* _YOUR INSTRUCTIONS_: I'd like the entries reproduced exactly, with all pictures omitted.

Records excerpted from a collection
----

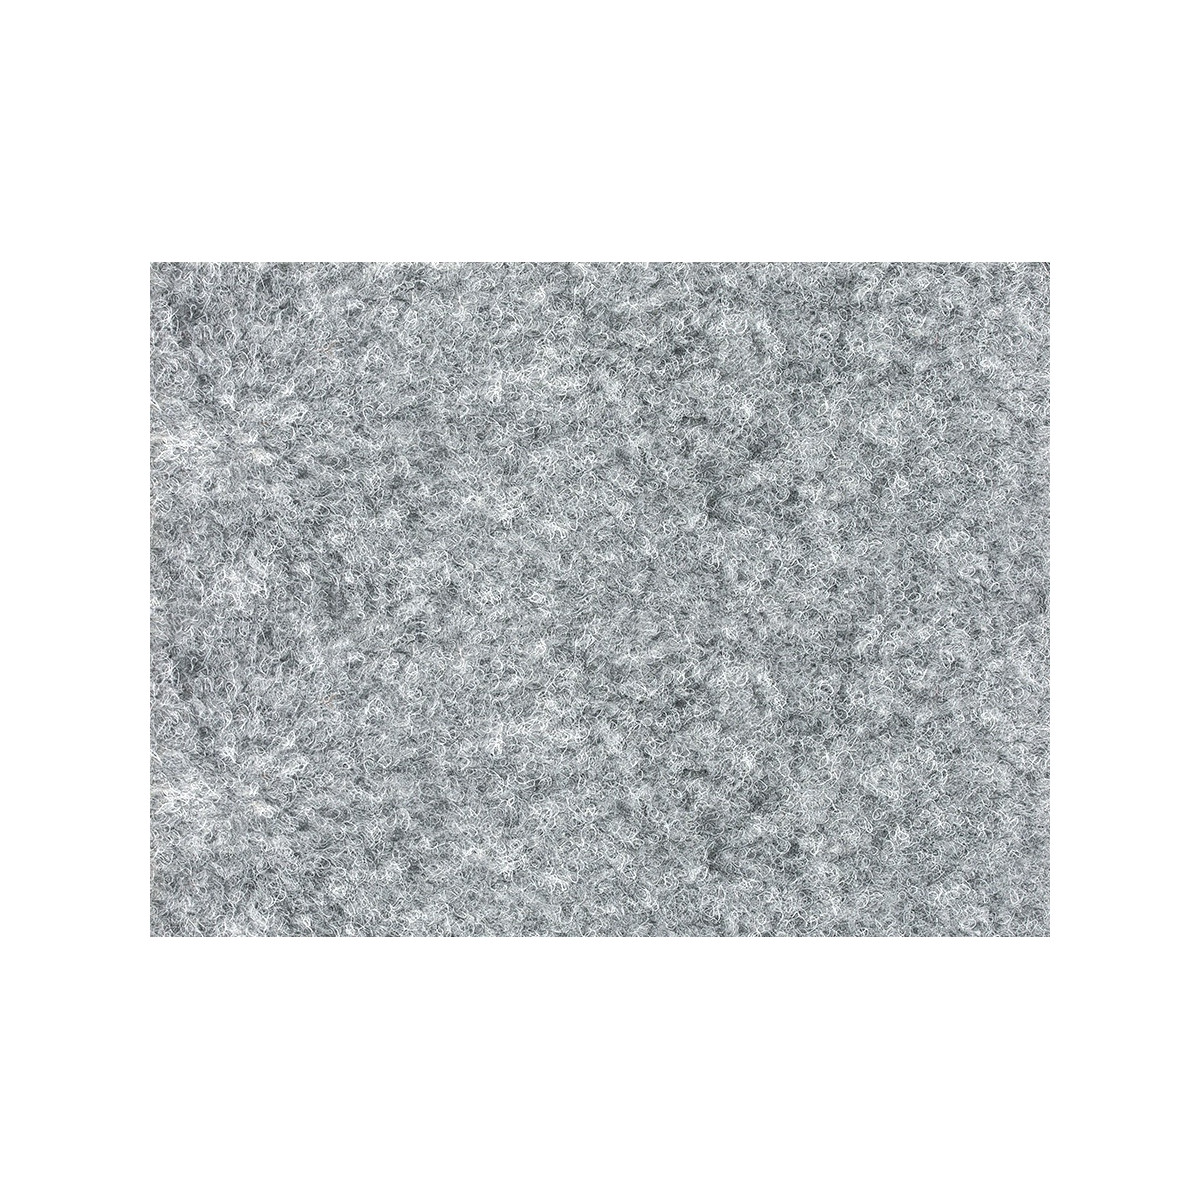 AKCE: 150x600 cm Metrážový koberec Santana 14 šedá s podkladem gel, zátěžový
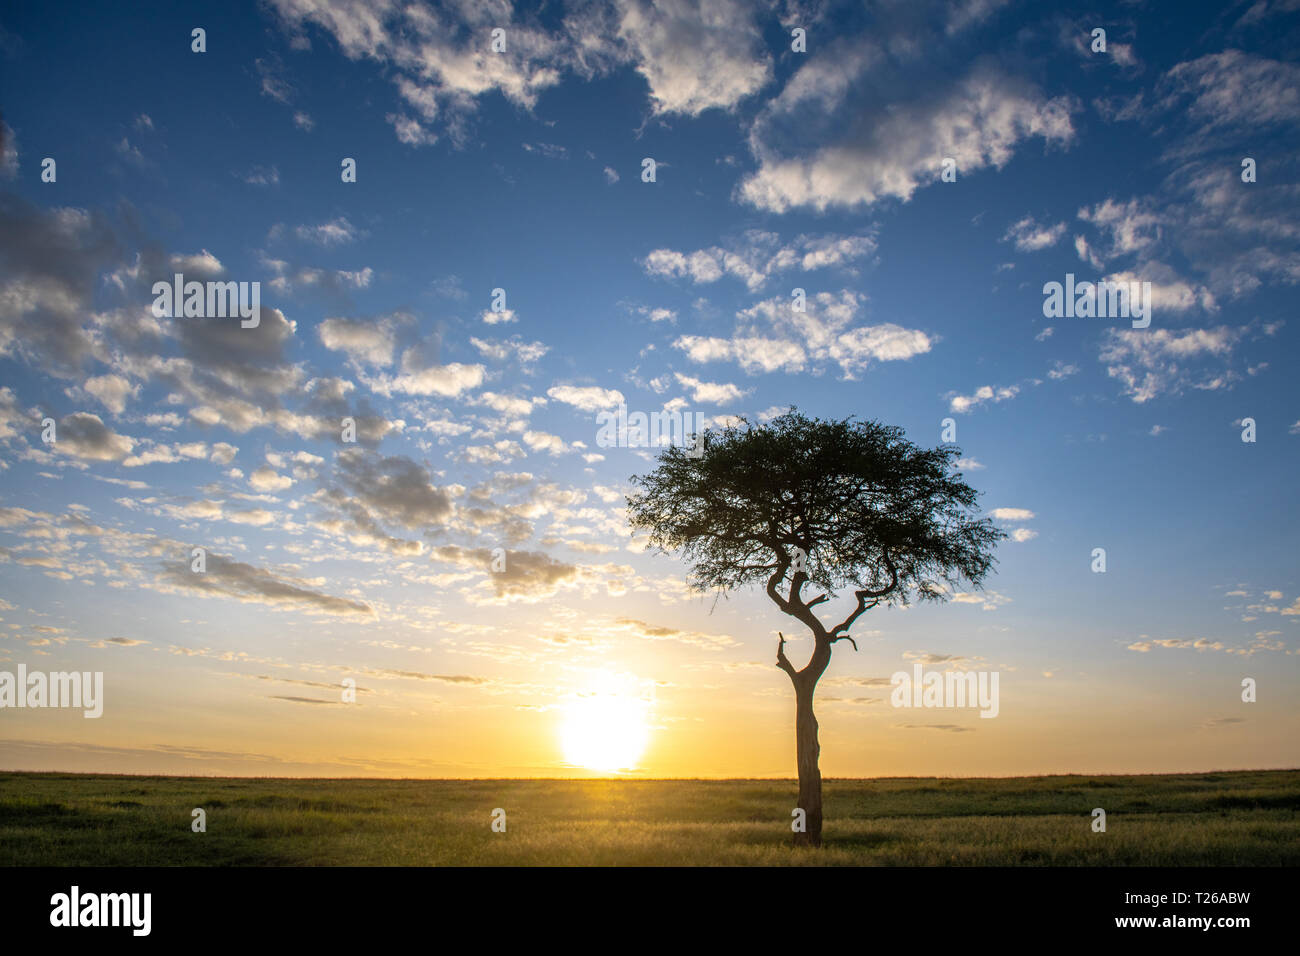 El sol se levanta en el horizonte como una singular árbol Acaci destaca en el paisaje, Reserva Nacional Maasai Mara, Kenya, Africa. Foto de stock
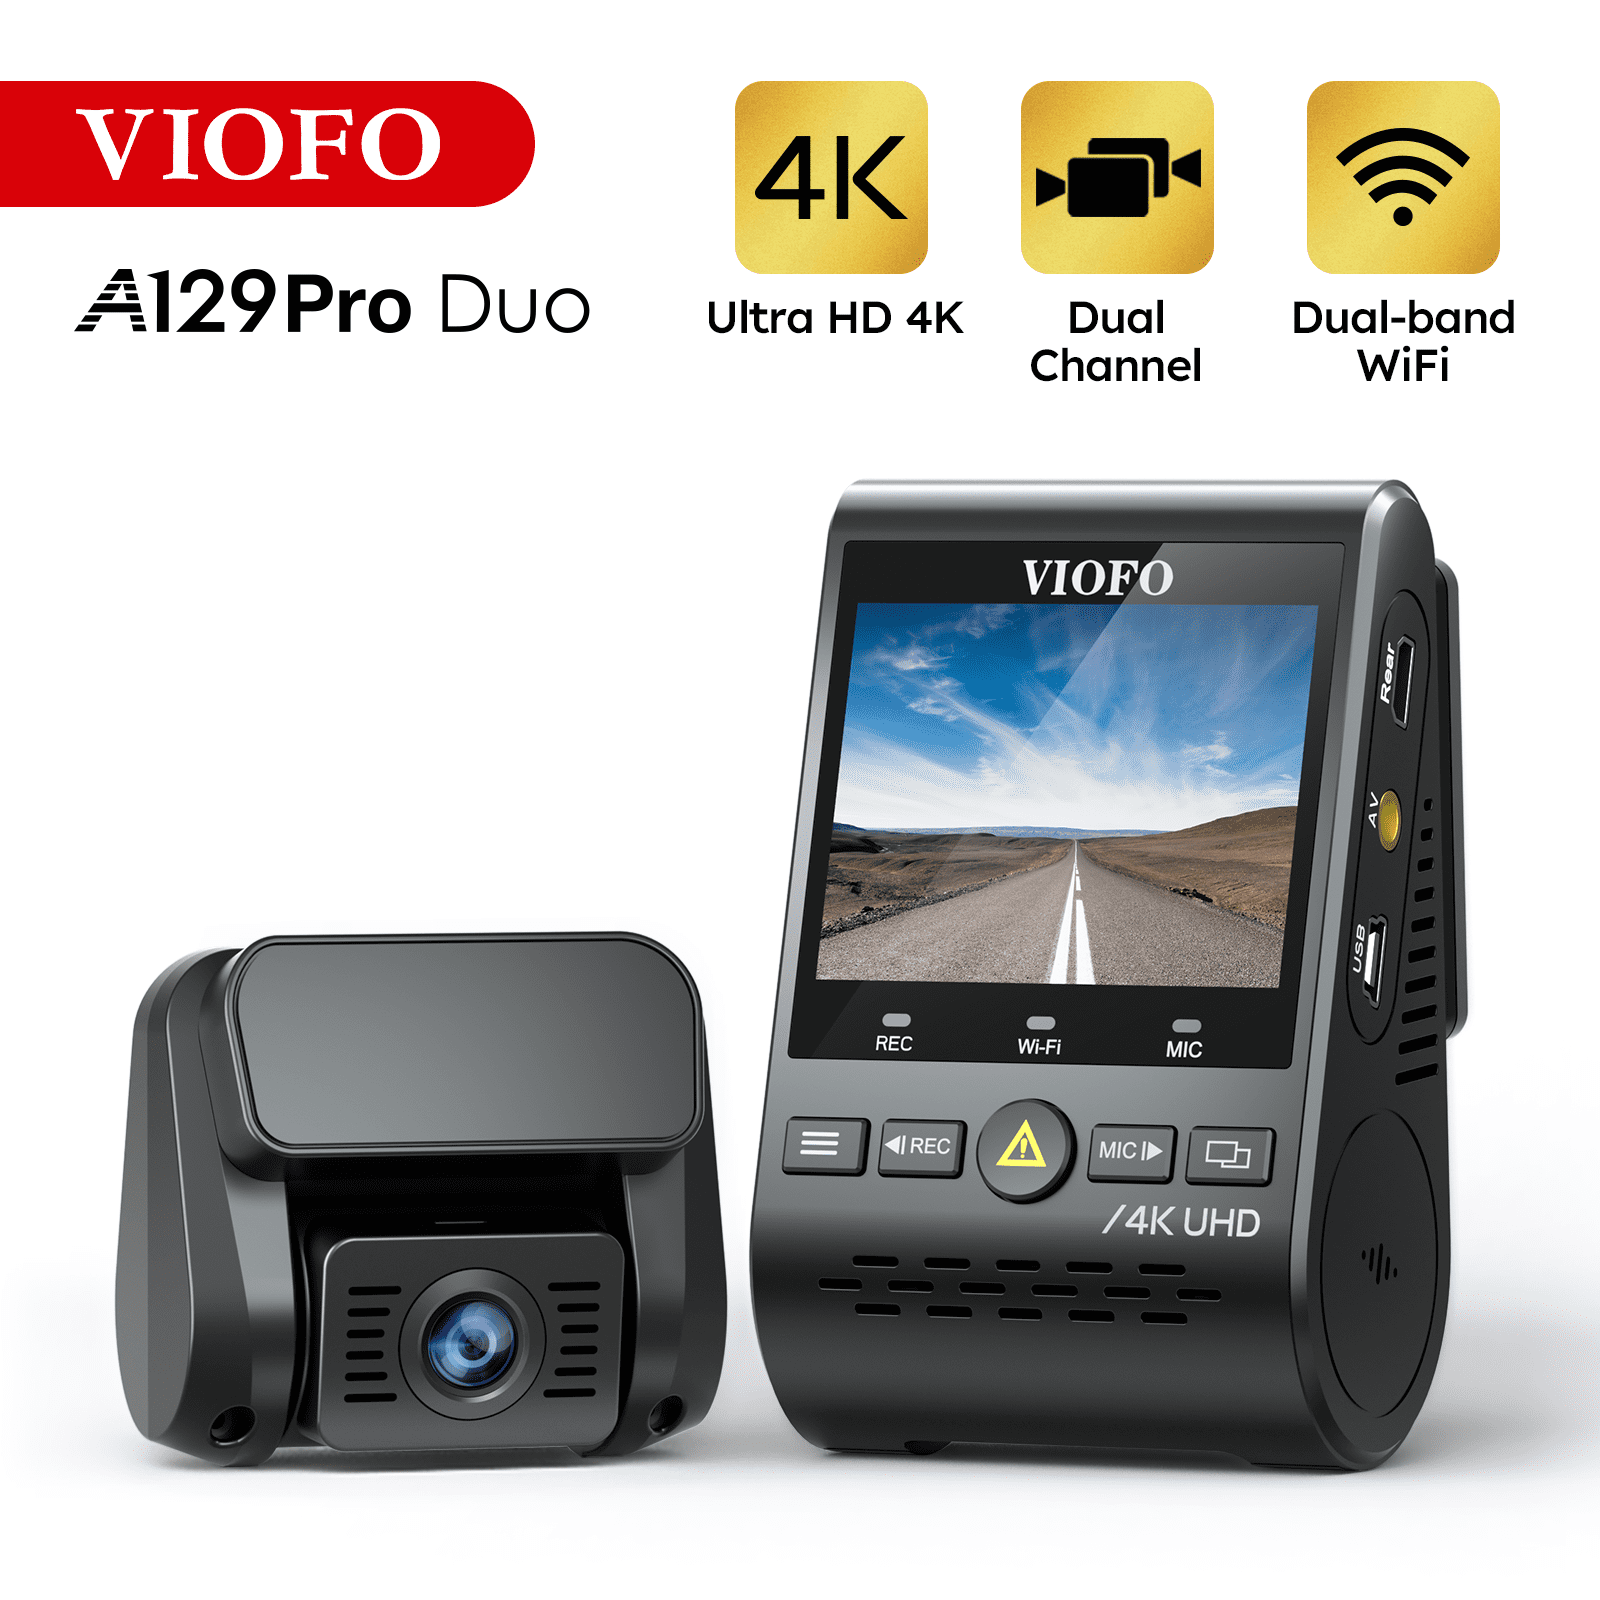 VIOFO 4K Dual Cam 3840 x 2160P Ultra HD 4K WiFi Dash Camera, Sony 8MP Sensor GPS, Parking Mode, Motion Detection, Pro Duo - Walmart.com
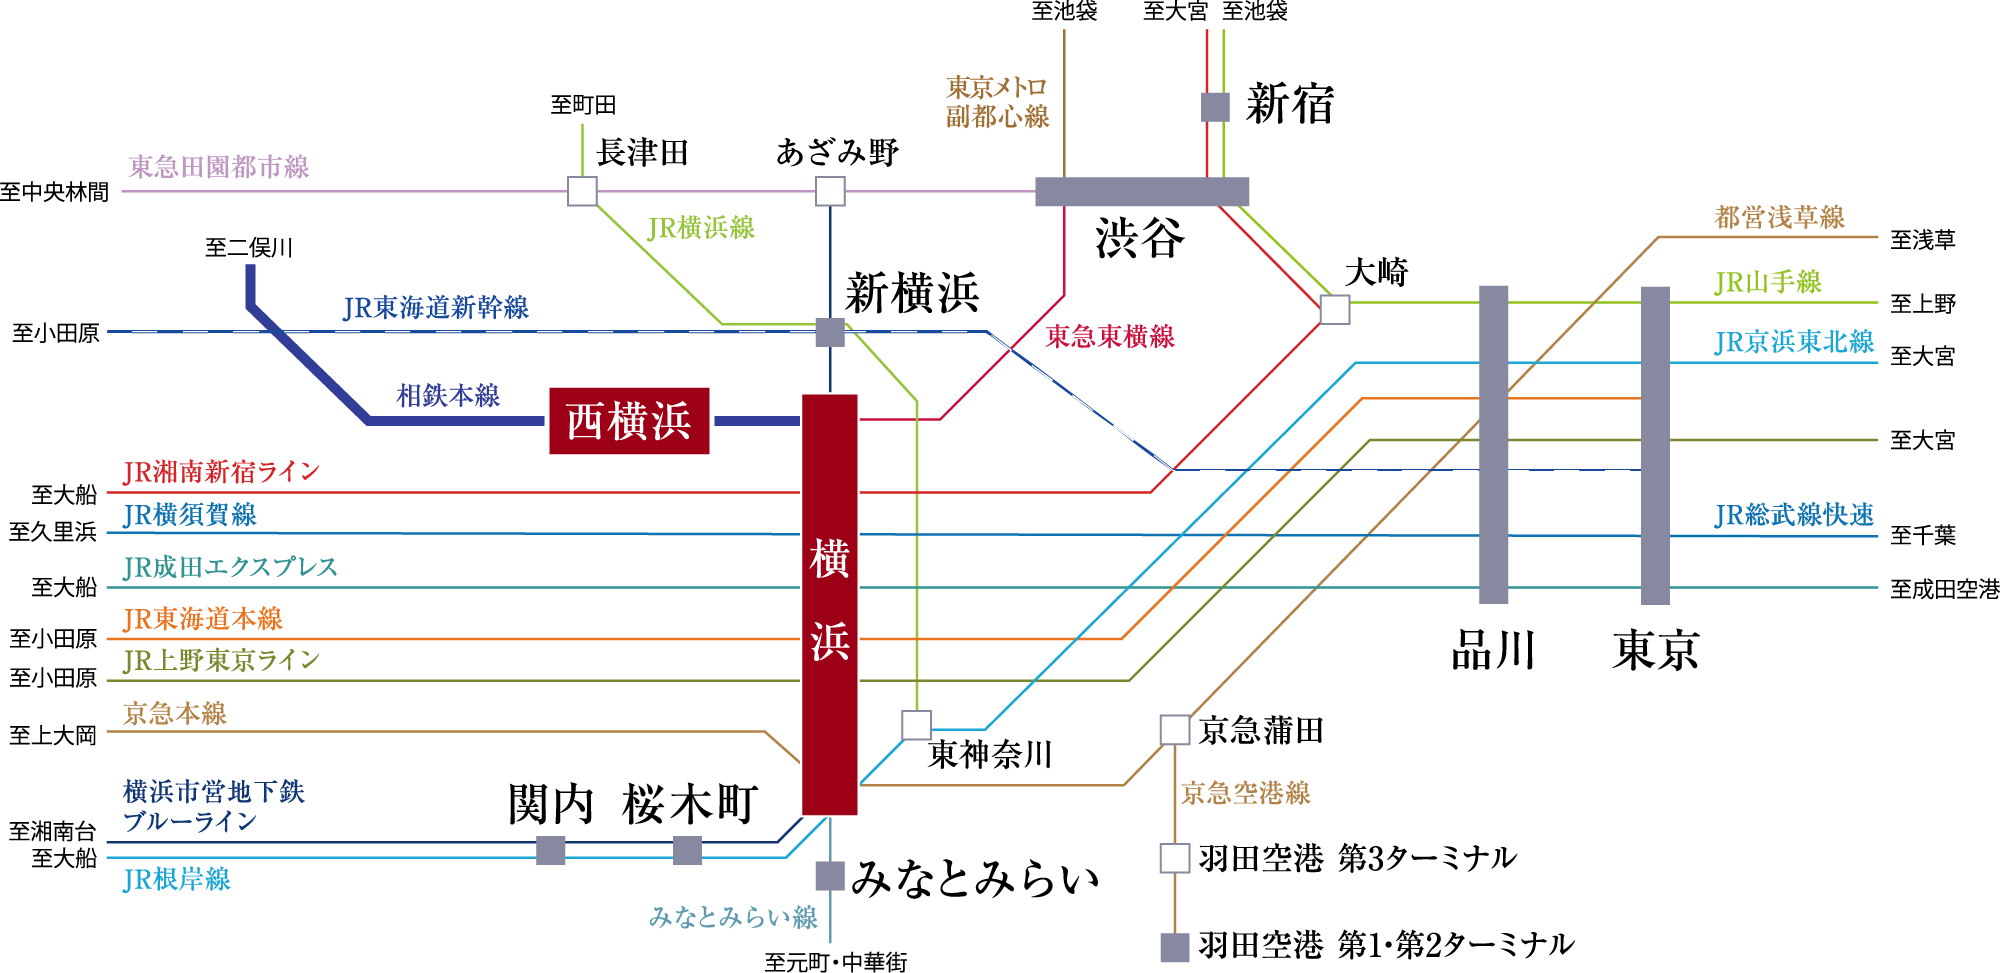 横浜エリアや都心へも身軽な鉄道アクセス
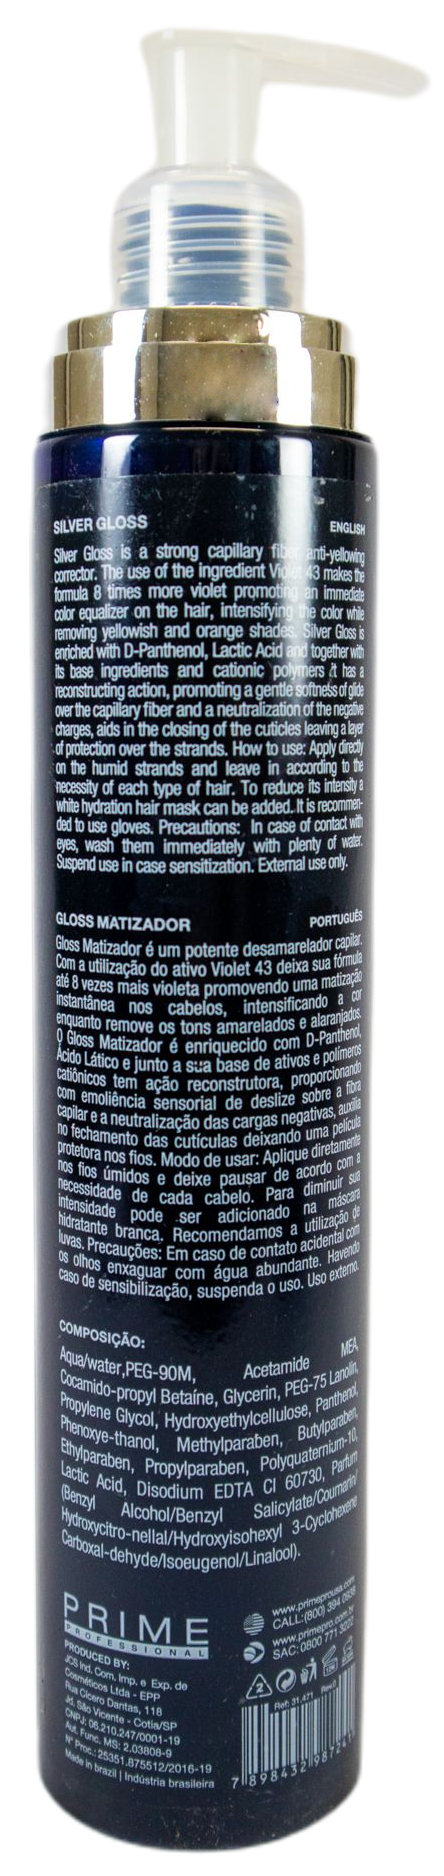 Prime Pro Extreme Brazilian Keratin Treatment Profit of Color Blond Silver Toning Kit 2 Products - Prime Pro

----

* _SOLUTION TO THE EXERCISE_:
 AKCE: 150x600 cm Metrážový koberec Santana 14 šedá s podkladem gel, zátěžový
 El sol se levanta en el horizonte como una singular árbol Acaci destaca en el paisaje, Reserva Nacional Maasai Mara, Kenya, Africa. Foto de stock
 VIOFO 4K Dual Cam 3840 x 2160P Ultra HD 4K WiFi Dash Camera, Sony 8MP Sensor GPS, Parking Mode, Motion Detection, Pro Duo - Walmart.com
 横浜エリアや都心へも身軽な鉄道アクセス
 Prime Pro Extreme Brazilian Keratin Treatment Profit of Color Blond Silver Toning Kit 2 Products - Prime Pro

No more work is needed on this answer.